One of the better recent reviews of Rf lenses, but without charts. And fewer shenanigans! 

I had pretty much put this lens out of my mind while I still own the ef version and a 5D Mark IV, as they work so well together. However, the idea of having a WELL BALANCED version for portraits on my EOS R is definitely food for thought. Maybe next year! And I am getting over my extended barrel anxiety disorder.


----------



## Chaitanya (Dec 12, 2019)

YuengLinger said:


> One of the better recent reviews of Rf lenses, but without charts. And fewer shenanigans!
> 
> I had pretty much put this lens out of my mind while I still own the ef version and a 5D Mark IV, as they work so well together. However, the idea of having a WELL BALANCED version for portraits on my EOS R is definitely food for thought. Maybe next year! And I am getting over my extended barrel anxiety disorder.

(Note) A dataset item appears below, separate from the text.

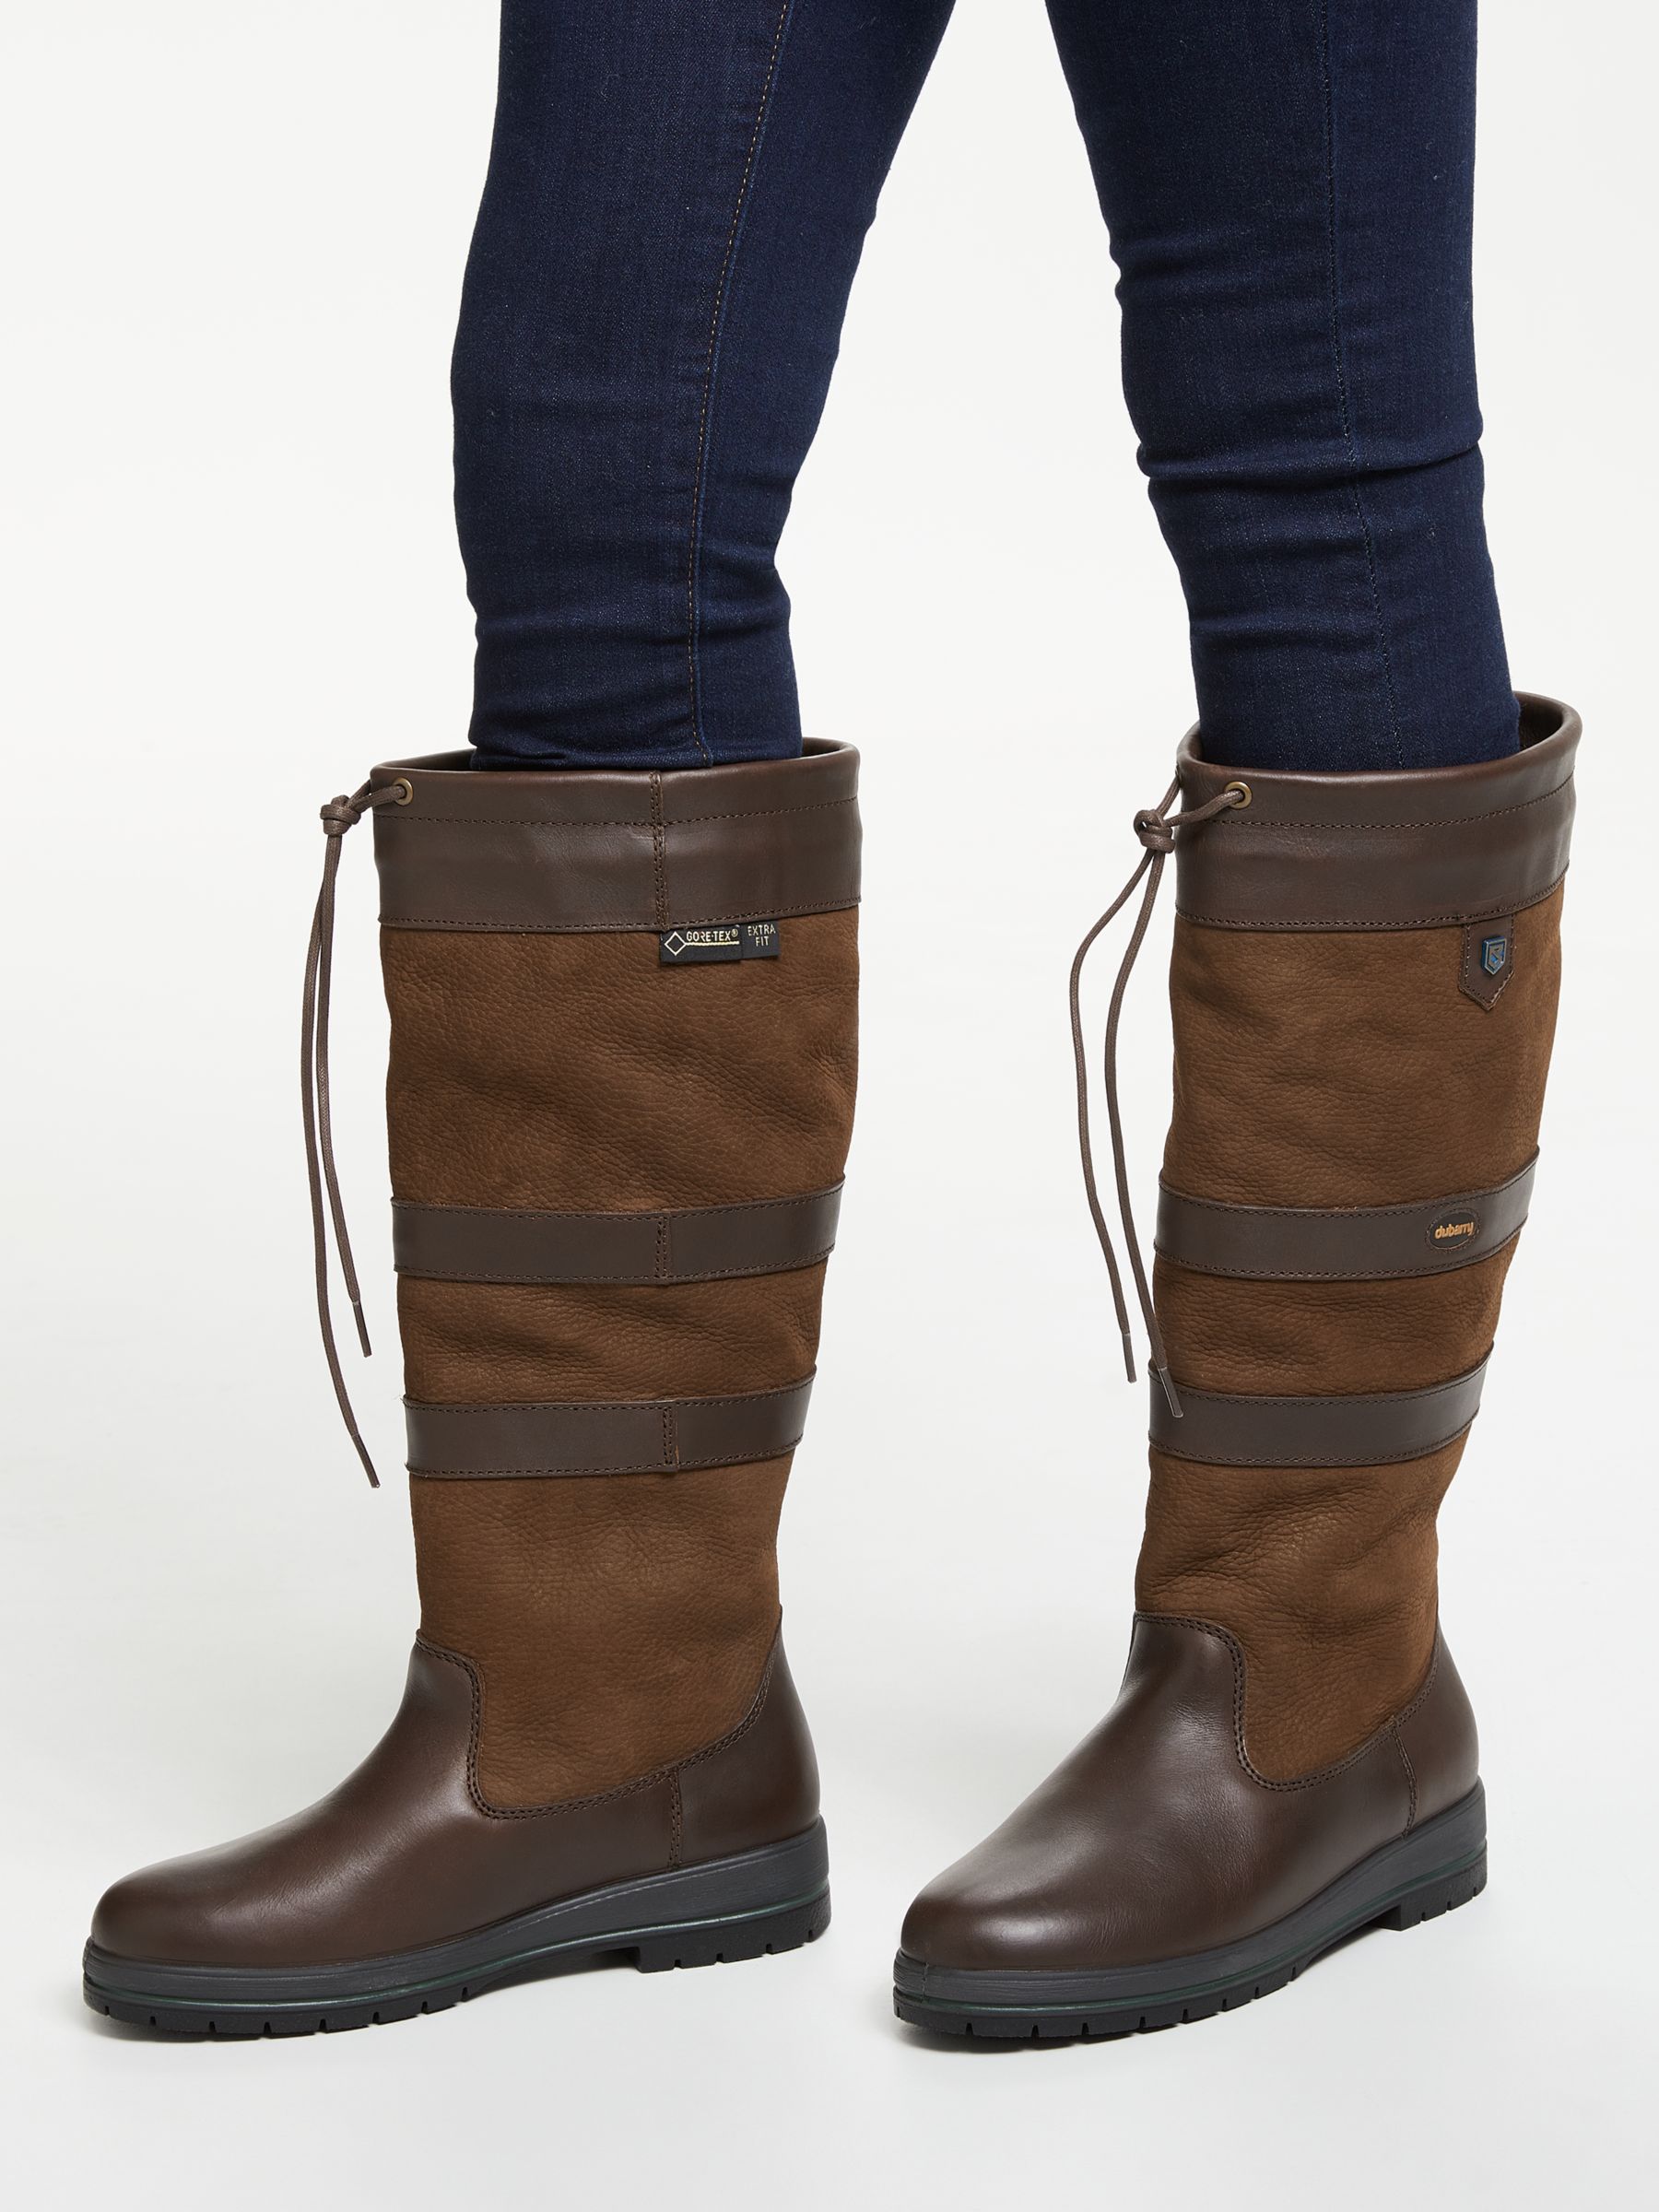 Dum Om indstilling Åben Dubarry Galway Gortex Wide Calf Waterproof Knee High Boots, Walnut Leather  at John Lewis & Partners

The Lens Rental teardown has shown some innovative sealings to keep dust out still while having an extending barrel. Also that smaller size is promising for travellers as it doesnt take as much space as conventional 70-200mm lens.


----------



## Deleted member 381342 (Dec 12, 2019)

I am excited to see a review, but this guy is far to enthusiastic and daft to watch. Youtube reviews always seem to be full of silly gimmicks and smell tests or whatever nonsense.


----------



## YuengLinger (Dec 12, 2019)

Codebunny said:


> I am excited to see a review, but this guy is far to enthusiastic and daft to watch. Youtube reviews always seem to be full of silly gimmicks and smell tests or whatever nonsense.


Unlike your very serious avatar?


----------



## koenkooi (Dec 12, 2019)

Codebunny said:


> I am excited to see a review, but this guy is far to enthusiastic and daft to watch. Youtube reviews always seem to be full of silly gimmicks and smell tests or whatever nonsense.

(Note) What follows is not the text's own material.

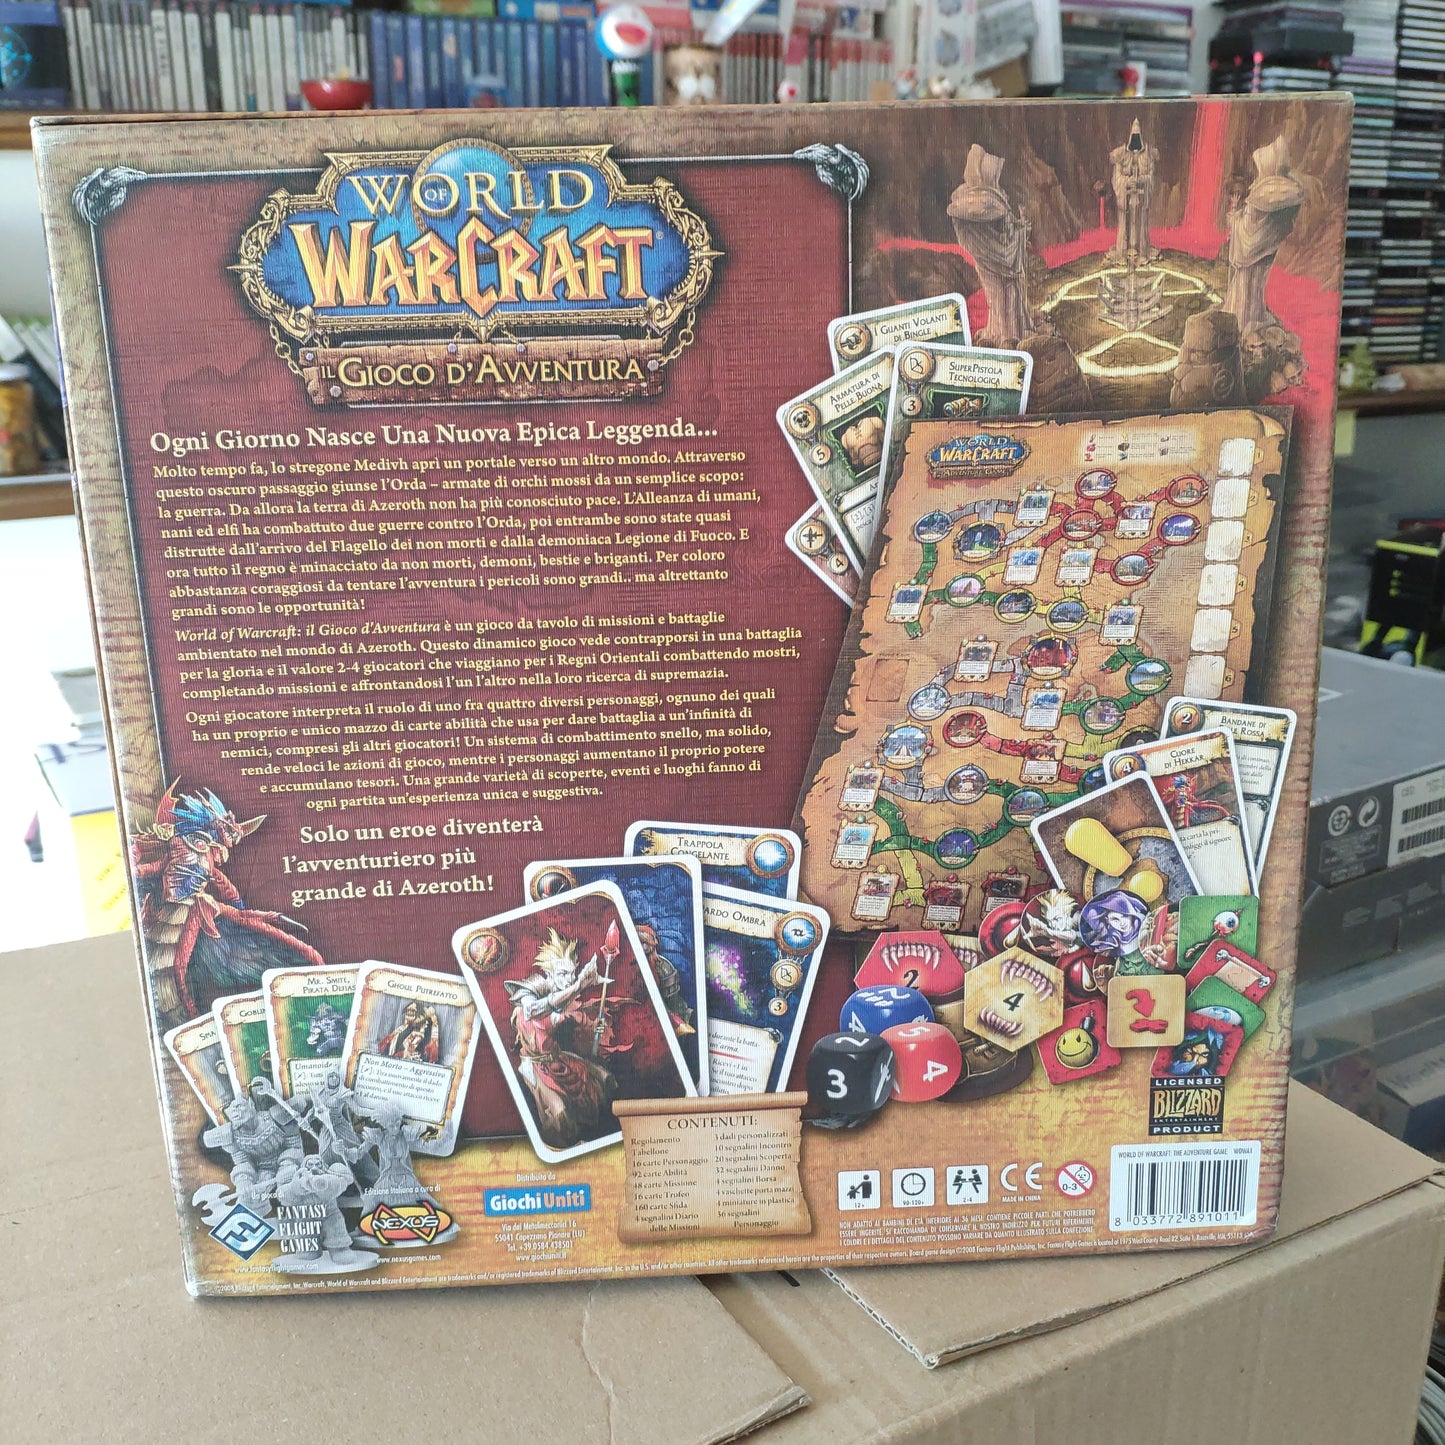 World of Warcraft il Gioco D'avventura

Jared did a retrospective a few months ago about his channel and he plainly said "weird sells". So you're completely right about the gimmicks and smell tests (and windtunnel tests!). It is what people notice when a search on youtube returns like 10 reviews of the same thing.

If you can make it through to the actual meat of the reviews, Jared shows a good ethic and ethos. Reviews are after actual use, most of the time 2 weeks or longer. And he is upfront about his biases. Compare this with "Canon didn't pay us, so it must suck" type of reviews or "It's not Sony, so it must suck" I'll endure sniff tests


----------



## Deleted member 381342 (Dec 12, 2019)

koenkooi said:


> Jared did a retrospective a few months ago about his channel and he plainly said "weird sells". So you're completely right about the gimmicks and smell tests (and windtunnel tests!). It is what people notice when a search on youtube returns like 10 reviews of the same thing.

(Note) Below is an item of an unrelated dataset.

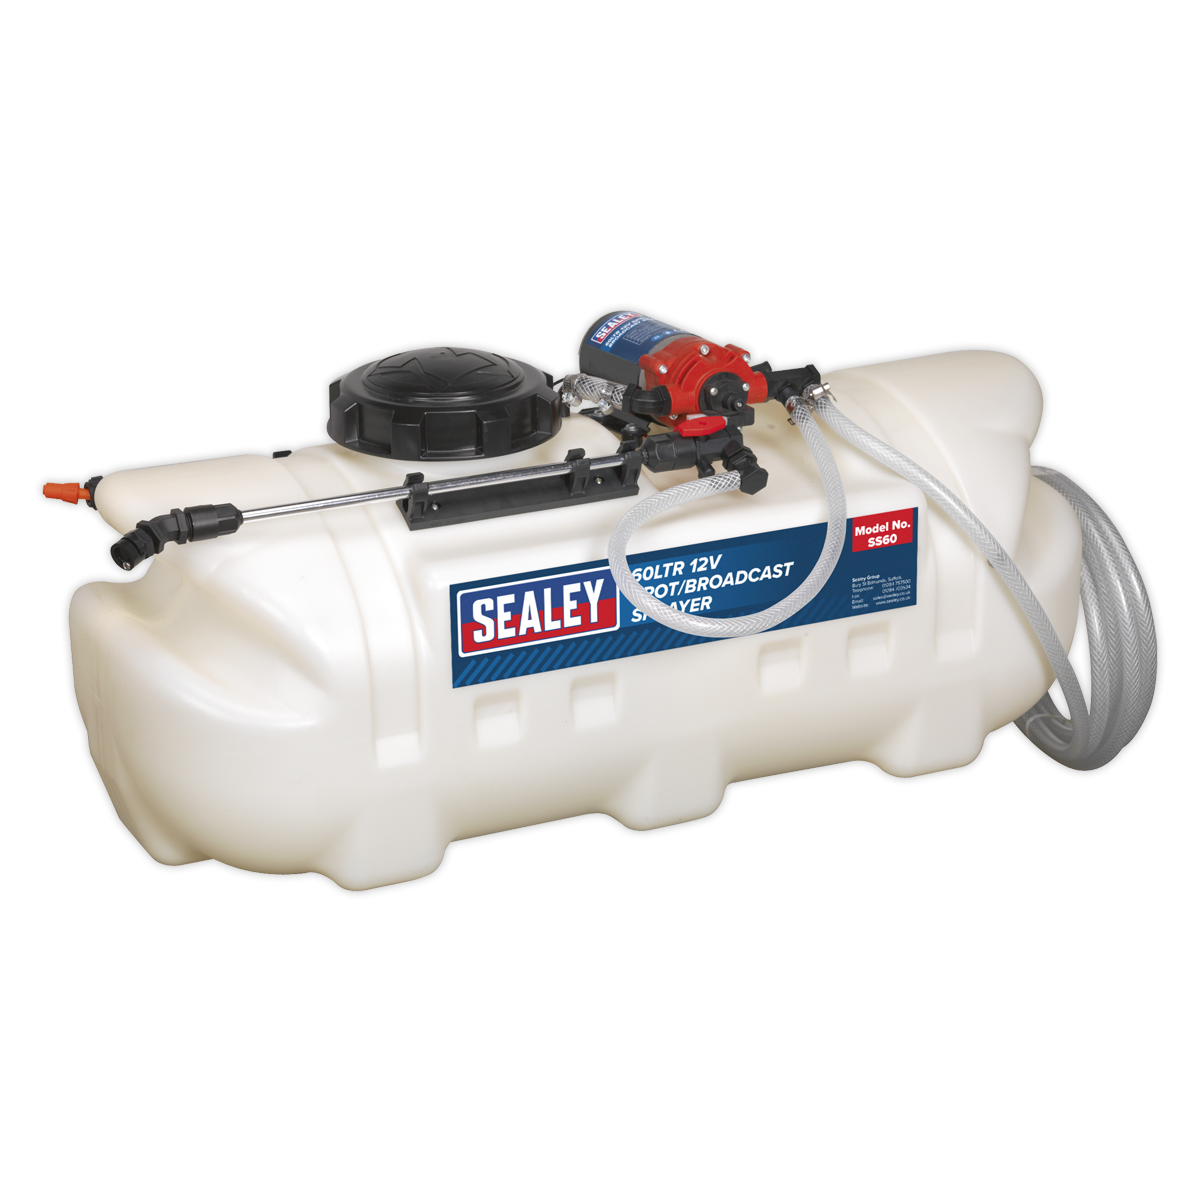 Sealey fertiliser and Weedkiller sprayer SS60

I can get that all the weird sells, but it makes me cringe. It reminds me of sitting with a toddler and some overly excited happy person comes on the kids program. It is especially irritating when the content is indeed good, I could just go for a more plain delivery.


----------



## YuengLinger (Dec 13, 2019)

Codebunny said:


> I can get that all the weird sells, but it makes me cringe. It reminds me of sitting with a toddler and some overly excited happy person comes on the kids program. It is especially irritating when the content is indeed good, I could just go for a more plain delivery.



I'm glad your not my babysitter!


----------



## navastronia (Dec 13, 2019)

I like Jared's reviews because as much as his personality is a major part of it, his opinions are actually pretty no-nonsense and he doesn't seem afraid to say when he thinks that, for instance, a new version of a lens isn't worth upgrading to when you already have the previous version.

That being said, I do wish he would post comparison images of the same scene shot with, say, the EF 70-200 2.8 mk. III and the RF 70-200 2.8. That's what I would truly love to see, especially since he so often does give out his RAW files and is often one of the first US reviewers to get a copy of new gear.


----------